Hi there. Love the progress on the new compiler :ok:
I decided to check it on some old code. After a couple of modifications to modernize it, I reached the following snippet (reduced from a larger file):
module [last]
last = |l|
match l {
[] -> Err(EmptyList)
[.., e] -> Ok(e)
}
I'm wondering if the syntax is correct but I managed to craft an example that crashes the compiler :stuck_out_tongue_closed_eyes:
[1] 89899 segmentation fault ./zig-out/bin/roc check main.roc
Match uses =>
now.
Shouldn't segfault though :thinking:
Still segfaults with =>
but what I was looking for was the right syntax. Thank you
In fact I could have just looked through the new snapshots (which are great btw). But at least the segfault gets reported
Hmmm don't know if it might help with debugging, but if I invert the order of the branches it works:
module [last]
last = |l|
match l {
[.., e] => Ok(e)
[] => Err(EmptyList)
}
This works too:
module [last]
last = |l|
match l {
_ => Err(EmptyList)
[.., e] => Ok(e)
}
Seems to happen when an empty list is the first branch.
That's a cool bug.
thanks for reporting this! I'm working on a fix.

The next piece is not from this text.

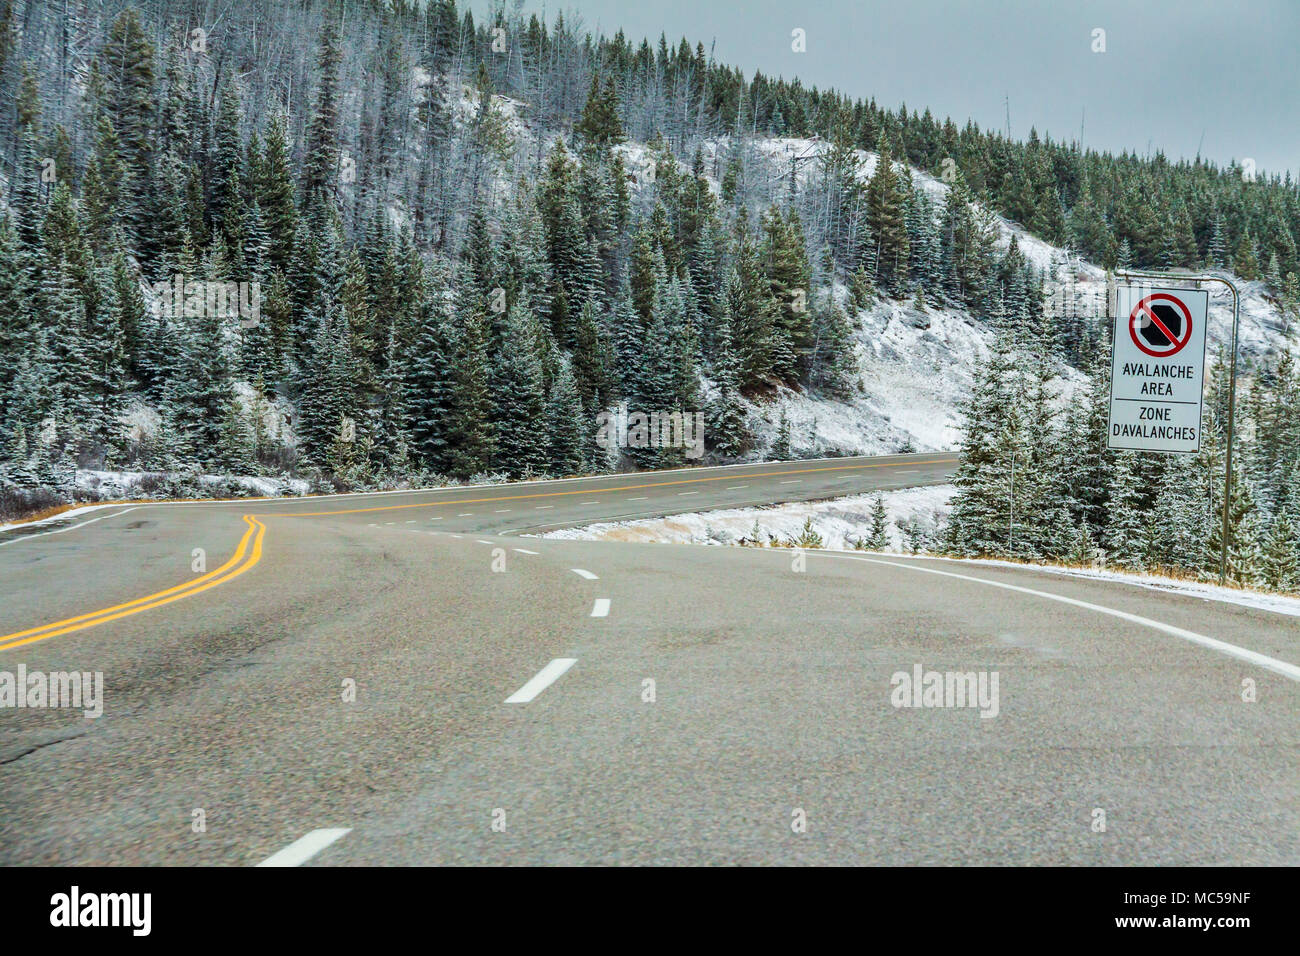 Route panoramique de neige à la fin du mois d'octobre sur l'autoroute 93 de la montagnes Rocheuses dans le Parc National de Kootenay en Colombie-Britannique, Canada. Banque D'Images

fix: https://github.com/roc-lang/roc/pull/7986
Actually it doesn't seem to be fixed :thinking:
(leaving the example here again)
module [last]
last = |l|
match l {
[] => Err(EmptyList)
[.., e] => Ok(e)
}
It looks related to nested patterns specifically
It's fine with either just a lambda or just a match, but both tother and we are re-using the same scratch for patterns (my current theory)
This is why we need to clean up all the low hanging fuzzer crashes. Then it can reach more meaningful failures like this
Apparently our segfault is in the type-checker ... specifically with empty lists
Ok, I've got a fix... I'll push it up soon.